Real girls in their own place.
Not too crazy and just a pinch of naughty...
I’ve had numerous jobs in my life. I’ve been employed in some kind of way since I was sixteen. I like to work hard and love to have money, so if I’m not working then I feel like I’m wasting my time. Most of my job history has involved some kind of position in the restaurant industry. As a woman, there have been quite a few instances where customers have made passes at me; mostly unwelcome. I am happy to say that I’ve yet to hook up with someone who paid me earlier in the evening for my services.
However, I am also happy to say that I am not above sleeping with my boss.
Let me make it clear, that I did not fall into a delicious, dirty, late-night romance with my boss to get ahead in my job. I did it because he was gorgeous, smart and I am very vain.
There’s no time in particular that I can say it really started. One day, I was staying late after work to help clean the carpets and the next I was staying late to be lifted up on the counter behind the kitchen, with my legs on his shoulders and my tips from the night on the floor.
Obviously, we kept it a secret. There’s nothing I love more than a good, sexy secret. I made sure to not start wearing lipstick or change my outward attitude to him while we were on the clock. I had never done this before, but I wasn’t an idiot. No one noticed or at least cared that I was always the last to leave. The second I swiped my card to end my shift he would sidle up behind me. His large, calloused hands sliding across my hips as he whispered how difficult it was to watch me bend over to pick up a fallen plate tonight and not want to put his mouth through the lining of my pants.
Now, I’m not saying that what we did was appropriate or okay. Though, I am in no way ashamed or regretful of it. I could bore you with the details of how as much as I loved his tongue on that sweet spot of my neck, I also loved his dorky humor and weird obsession with Phil Collins. How he had tried to take me on a proper date once and I seduced him into having sex in his car instead; missing the movie we had planned on seeing. I hate Jennifer Anniston movies anyway.
At twenty one, I was at a time in my life when I wasn’t looking for a boyfriend. I finally felt comfortable in my own skin and wanted to test it out with whomever was interested. My boss was older and more experienced; I his very keen student.
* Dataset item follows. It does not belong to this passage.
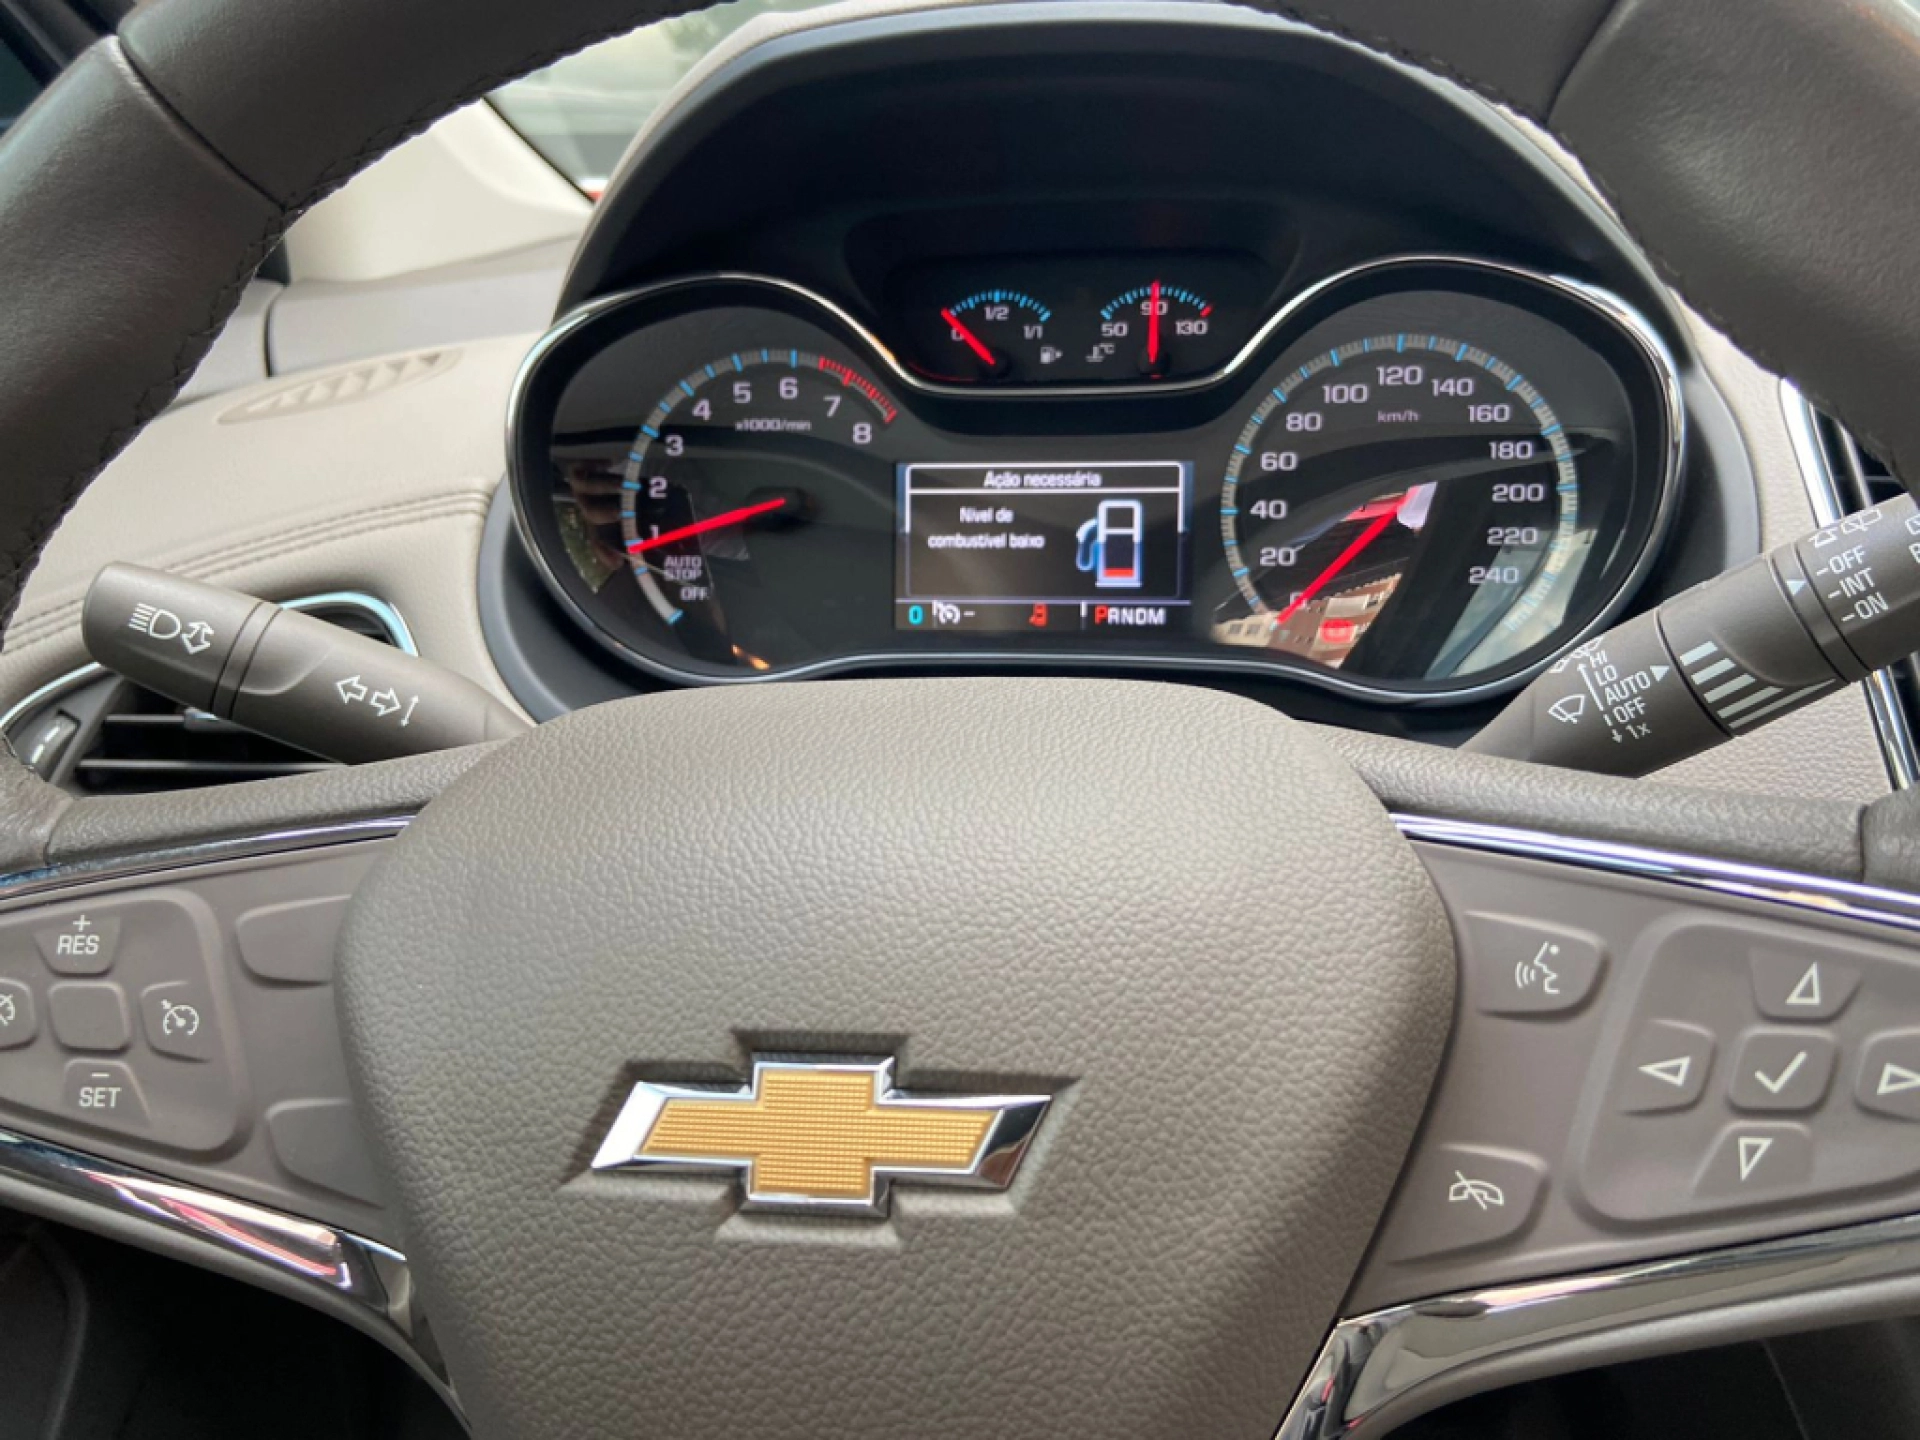 Chevrolet Cruze 1.4 2019

We both knew we were doomed from the start. We knew this would eventually end; that it was risky, but damnit if I didn’t enjoy every last filthy word he whispered in my ear as my hand slid down his pants. He always teased me about being greedy. I wanted more, even when I was exhausted, I just had to wrap my lips around his earlobe and curl my legs around him. What can I say? I’m a selfish girl.
Around the time of my birthday, I was offered a job in a different city. One were I wouldn’t have to bring a million bread baskets and sides of ranch to the hungry middle-class families of America. I didn’t even hesitate. Neither of us were too upset about the situation. Mostly just sad to see a good thing have to go. Though, if there’s one thing I’ve learned-it’s that love can be temporary, but a good resume is forever.